**EXERCISE DETAILS:**
For this exercise, the lines from the one with "Vasca Da Bagno" through the final line of the data below are to be transcribed exactly, and pictures are to be skipped.

**DATA BLOCK:**
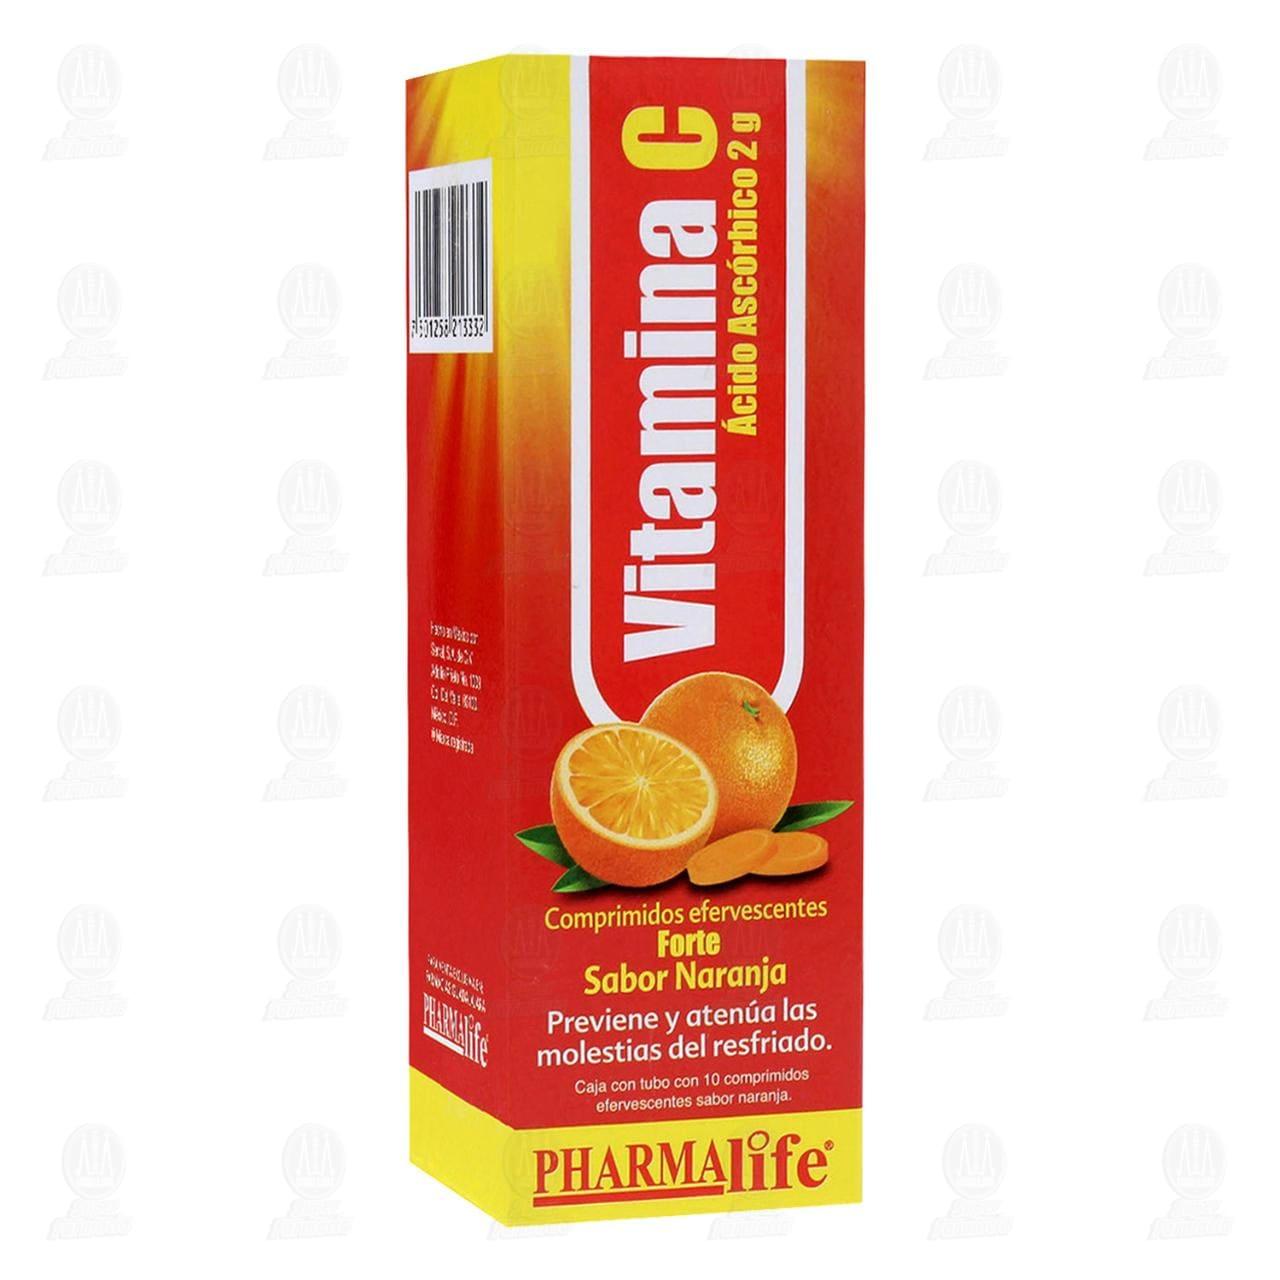 Comprar Vitamina C 2gr 10 Comprimidos Pharmalife en Farmacias Guadalajara
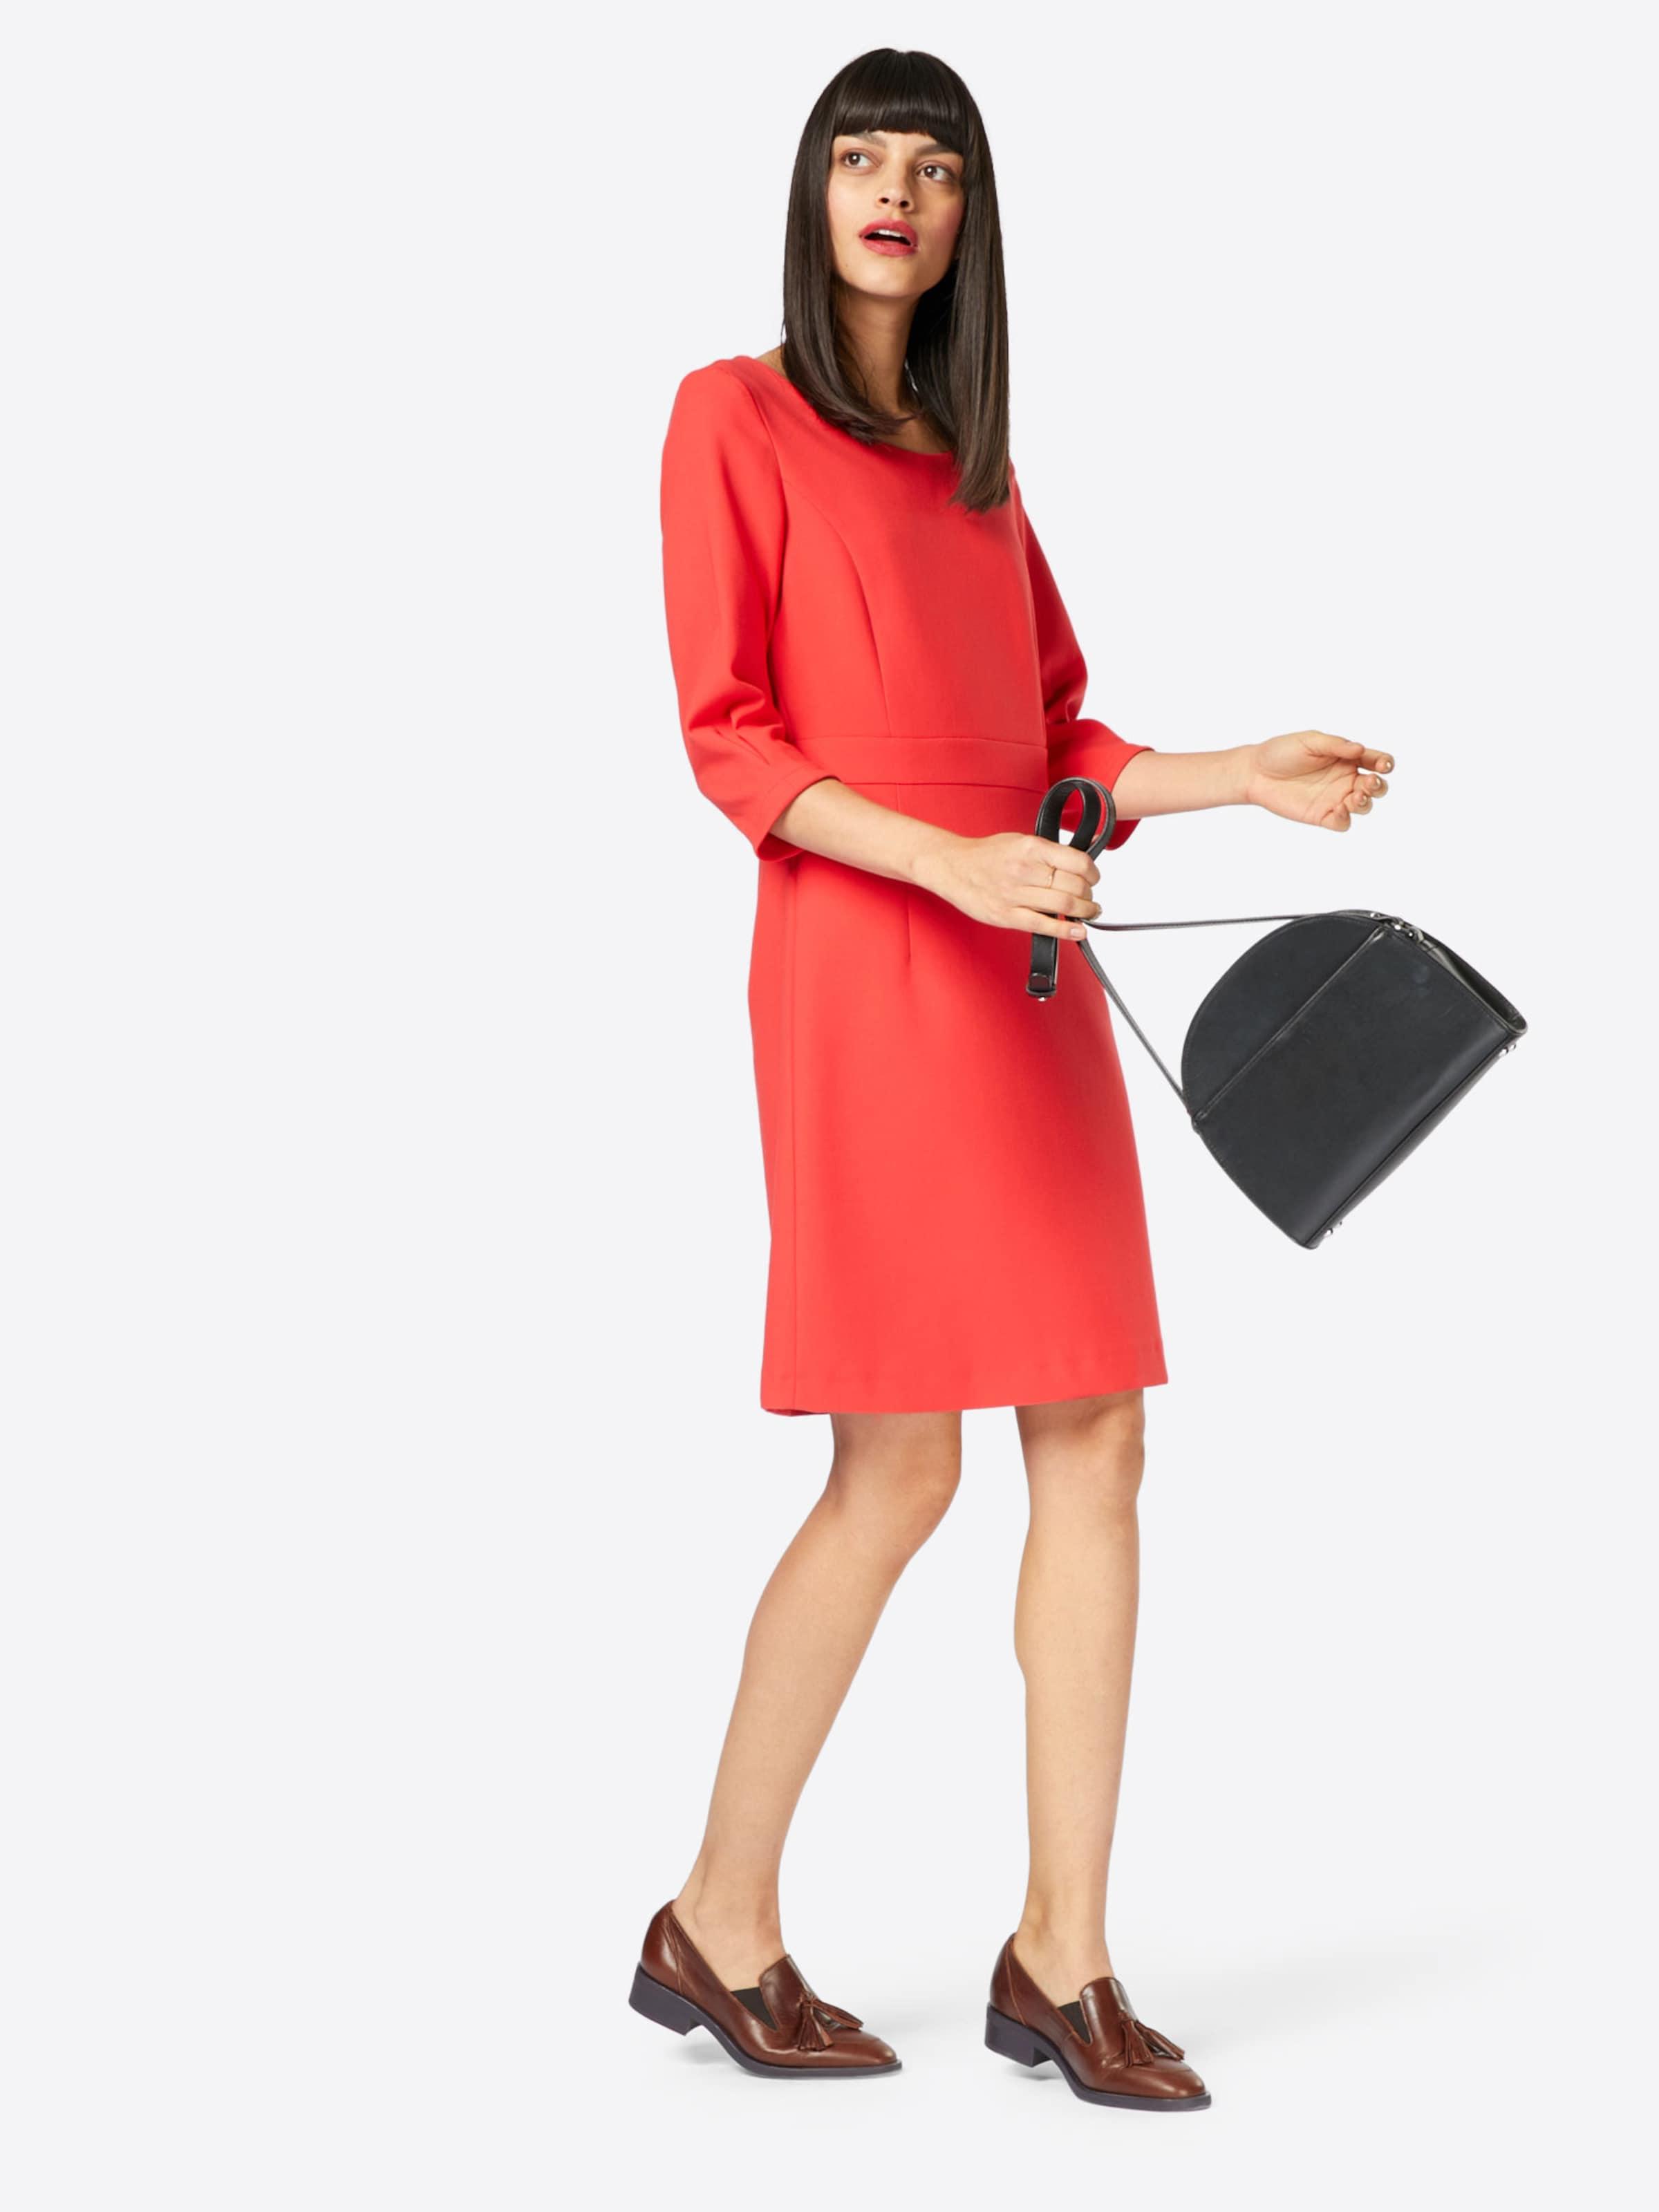 Top-Qualität Günstiger Preis Cool MORE & MORE Casual Kleid Rabatt Niedriger Versand GleBN9
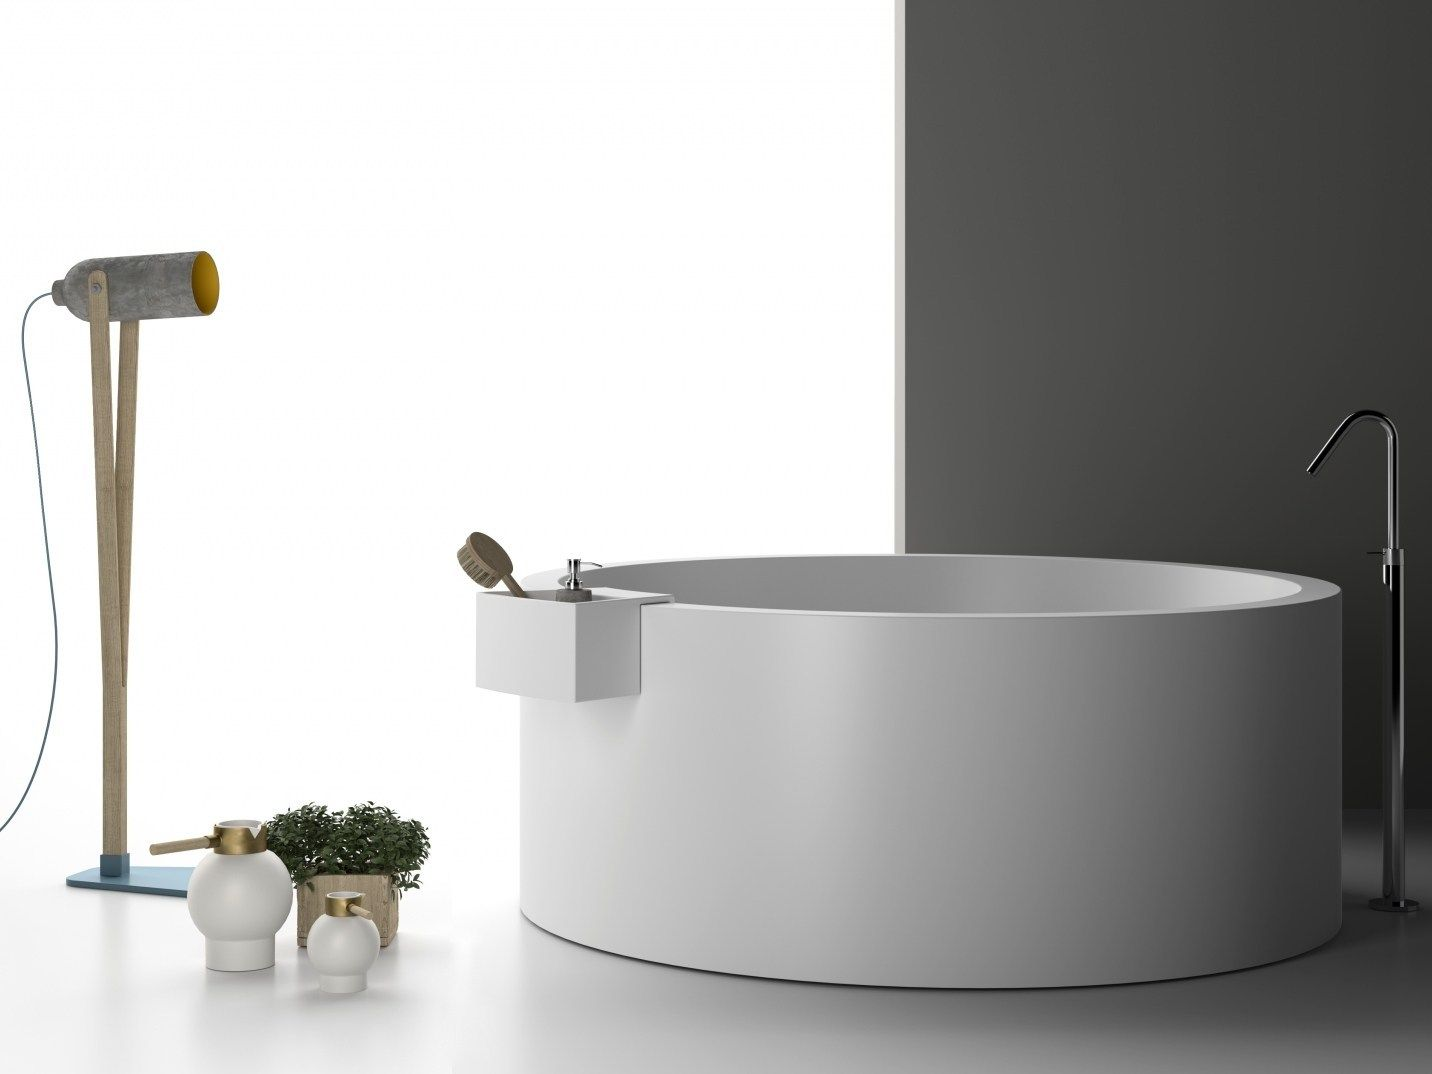 Vasca Da Bagno Freestanding Corian : Planit presenta la nuova vasca freestanding in corian
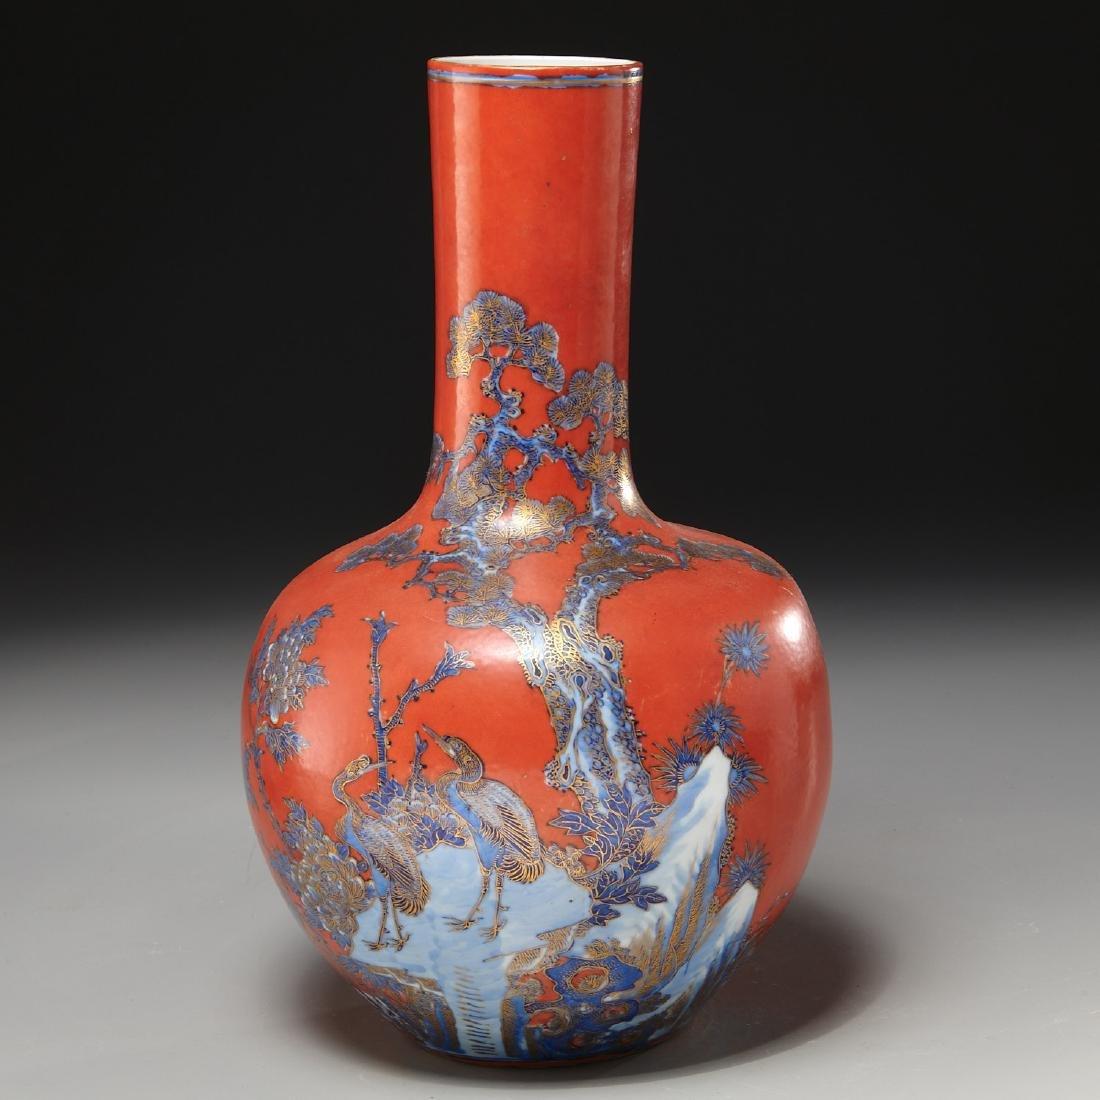 Chinese iron red ground porcelain vase

**RESPONSE AREA:**
 Vasca Da Bagno Freestanding Corian : Planit presenta la nuova vasca freestanding in corian
 Chinese iron red ground porcelain vase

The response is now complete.